L'hiver n'est pas prêt d'arriver tout de suite, l'automne se termine certes mais l'hiver ne va pas arriver si tôt. Je ne suis pas sûr que ce soit une illusion à cause des médicaments que je prends le soir et parfois le matin. Pourtant, j'ai réduis ma consommation depuis deux semaines. Je repousse le rideau qui cachait la baie vitrée, les flocons sont énormes. Ce n'est pas de la neige qui tombe, la neige n'est pas grise.
Des flocons.
Des flocons gris.
Les flocons ne sont pas gris.
Les flocons ne sont pas censés l'être.
Je reste bouche bée pendant trente secondes.
« En hiver oui je sais » complète Jason à l'autre bout du fils. « Tu es où ? ».
« Chez moi ».
« Moi aussi. Je viens te chercher ».
Je raccroche en ayant toujours les yeux rivés sur ce que je vois à l'extérieur. J'ouvre la porte fenêtre pour m'assurer que ce n'est pas un épisode hivernal précoce. La température extérieure est fraîche pour un mois de novembre, pas assez pour que des flocons de neige tombent du ciel mais visiblement des flocons gris oui. La présence de l'ange aux ailes noires à côté de moi me fait remarquer que ses plumes sont encore plus belles dans la lumière grise. L'atmosphère n'est pas lourde, l'air est frais, le vent a finit par se calmer, je ne perçois rien de bizarre, sauf les flocons en question. Je ne sais pas ce que mon voisin en pense mais vu son air sérieux, il est sur ses gardes.
« On y va ? » me demande t-il. « On doit rejoindre Venin à Central park ».
« Je te suis ».
Survoler la ville entièrement recouverte d'une fine pellicule grise est très étrange. La ville semble quand même dormir à cette heure-ci, une partie du moins. Les lumières sont éteintes dans certains quartiers. Seule la Tour nous éclaire. Jason survole les nuages comme s'ils n'existaient pas.
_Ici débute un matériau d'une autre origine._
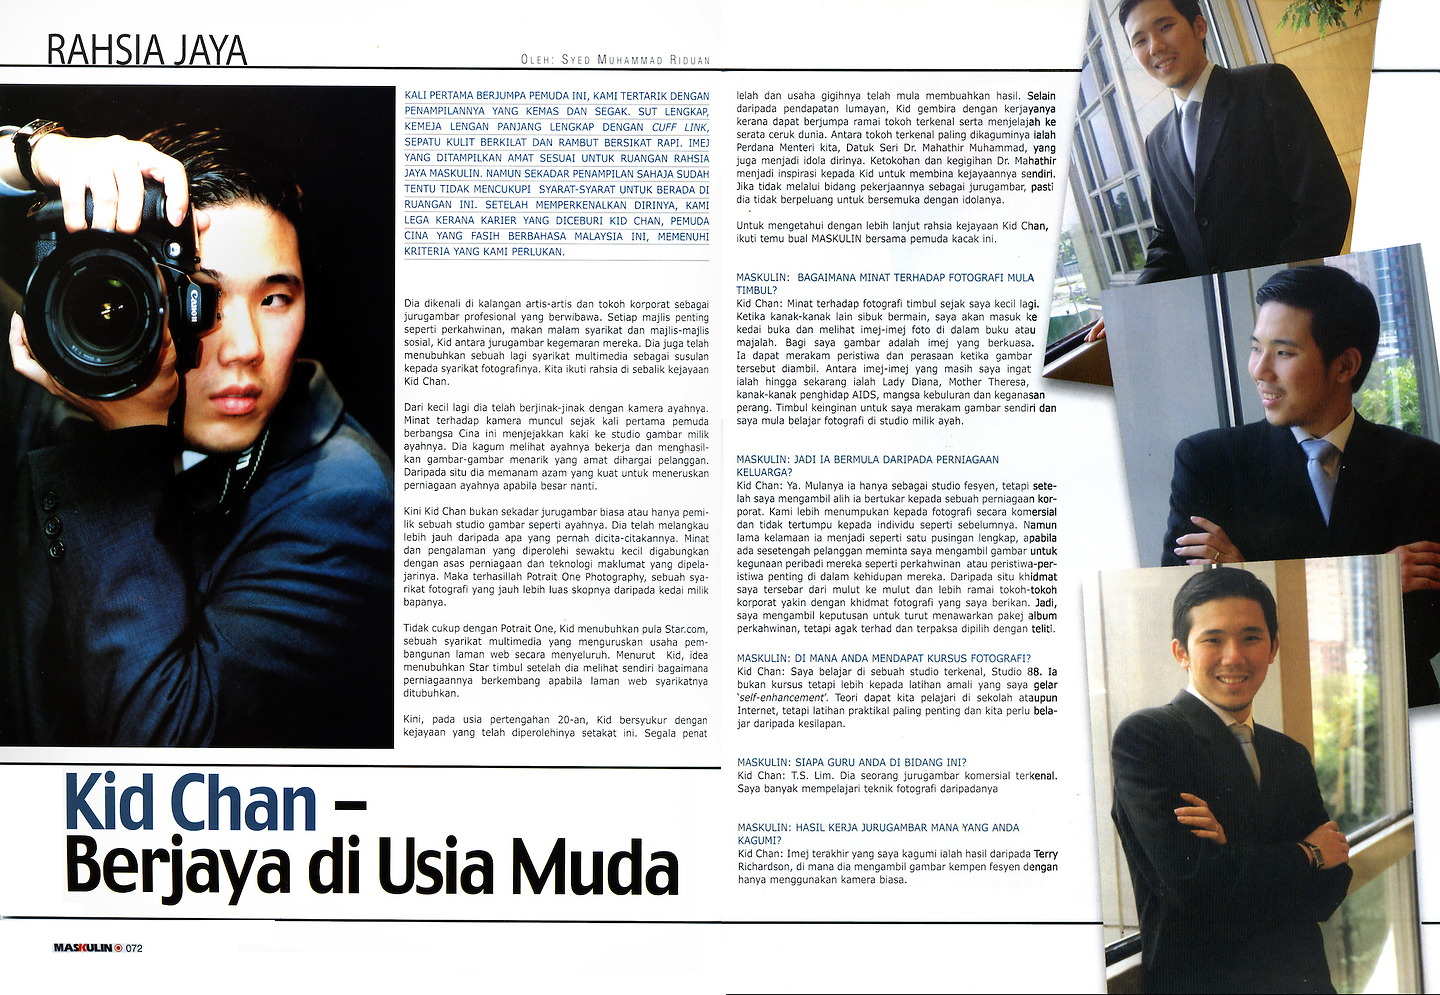 Maskulin January Vol. 16: 'Kid Chan - Berjaya di Usia Muda'

C'est à peine s'il regarde derrière lui pour s'assurer que je le suis. Je n'ose pas prendre une autre direction et faire la course dans un ciel incertain. Le trafic aérien a été interrompu. Je le sais car Dmitri m'a écrit il y a deux minutes. Toutes les précautions sont prises pour la sécurité de tous.
Jason atterrit dans le parc aux neuf mille quatre cent bancs.
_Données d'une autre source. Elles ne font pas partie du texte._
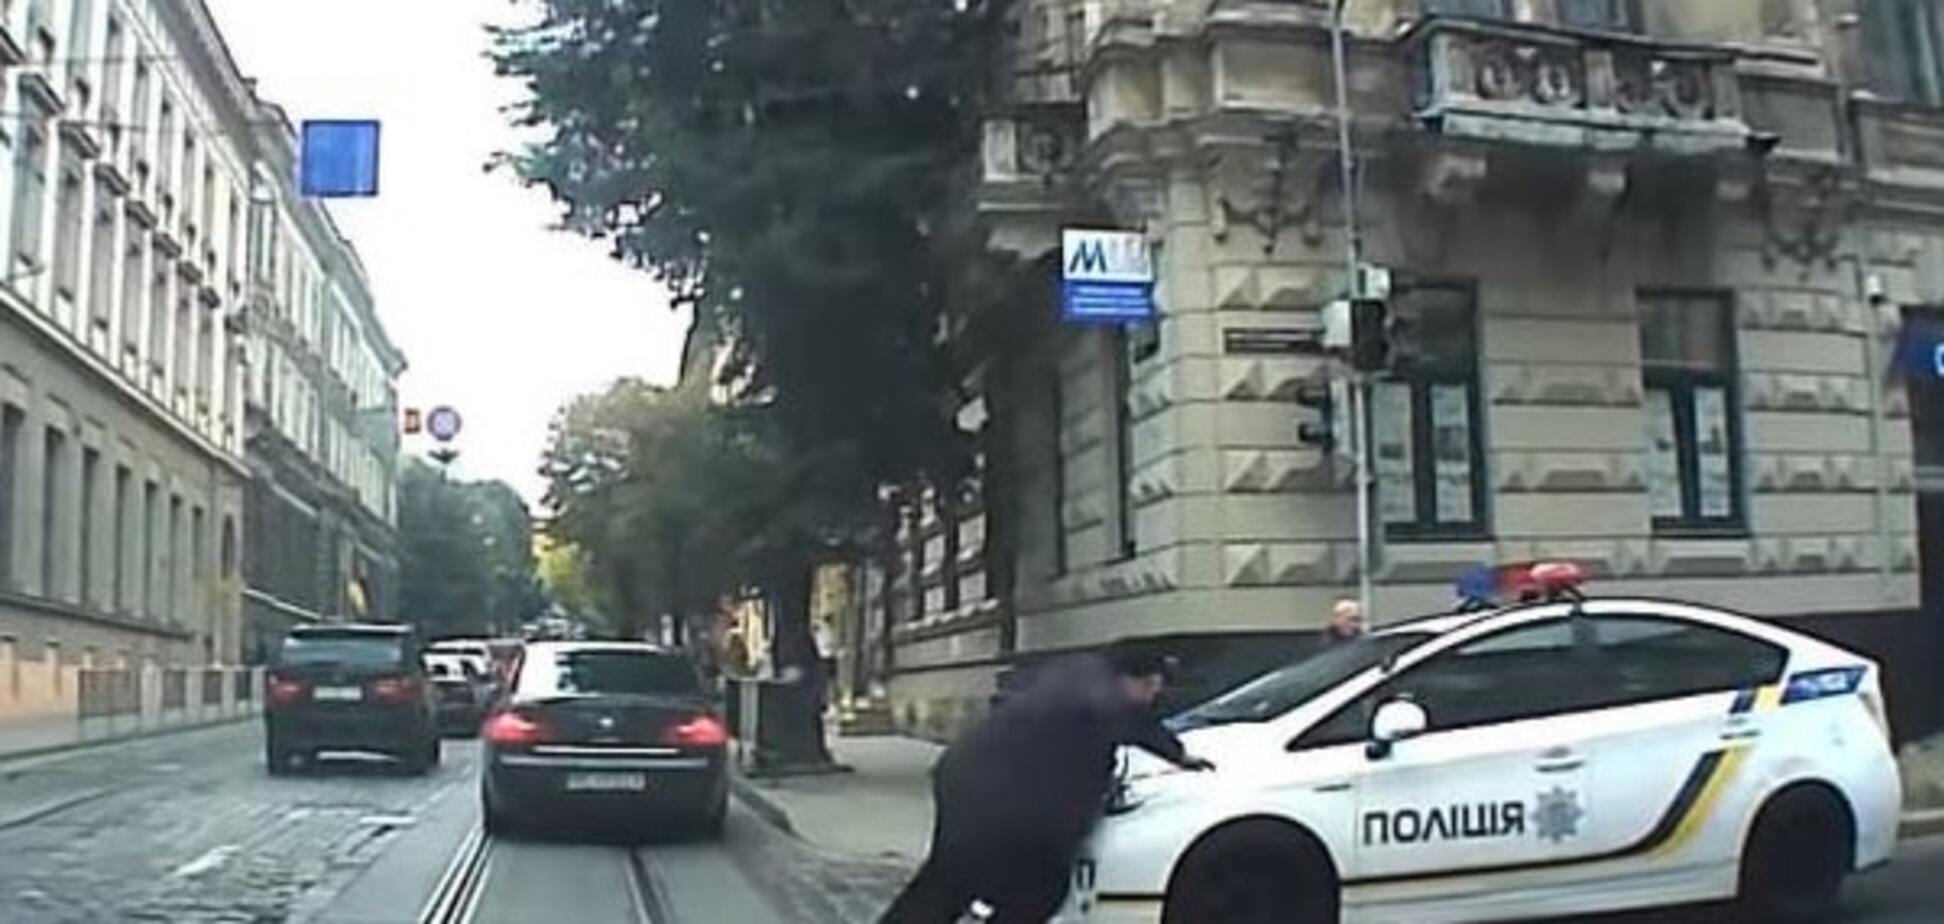 Во Львове полиция сбила женщину на пешеходном переходе: видеофакт

Tous sont recouverts de la pellicule grise.
Pas d'odeur suspecte. Je suppose que ce n'est pas toxique. Pour nous qui avons des aptitudes et une résistance aux toxicités, pas les humains.
Au loin, les équipes scientifiques de la Tour sont déjà au travail pour recueillir des échantillons. Cette Cascade nous en fait voir de toutes les couleurs.
Les yeux de Venin croisent les miens et il enlève ses lunettes de soleil.
Même Jason est surpris par ses pupilles qui brillent.
La Cascade fait encore des siennes avec ce paysage entièrement gris.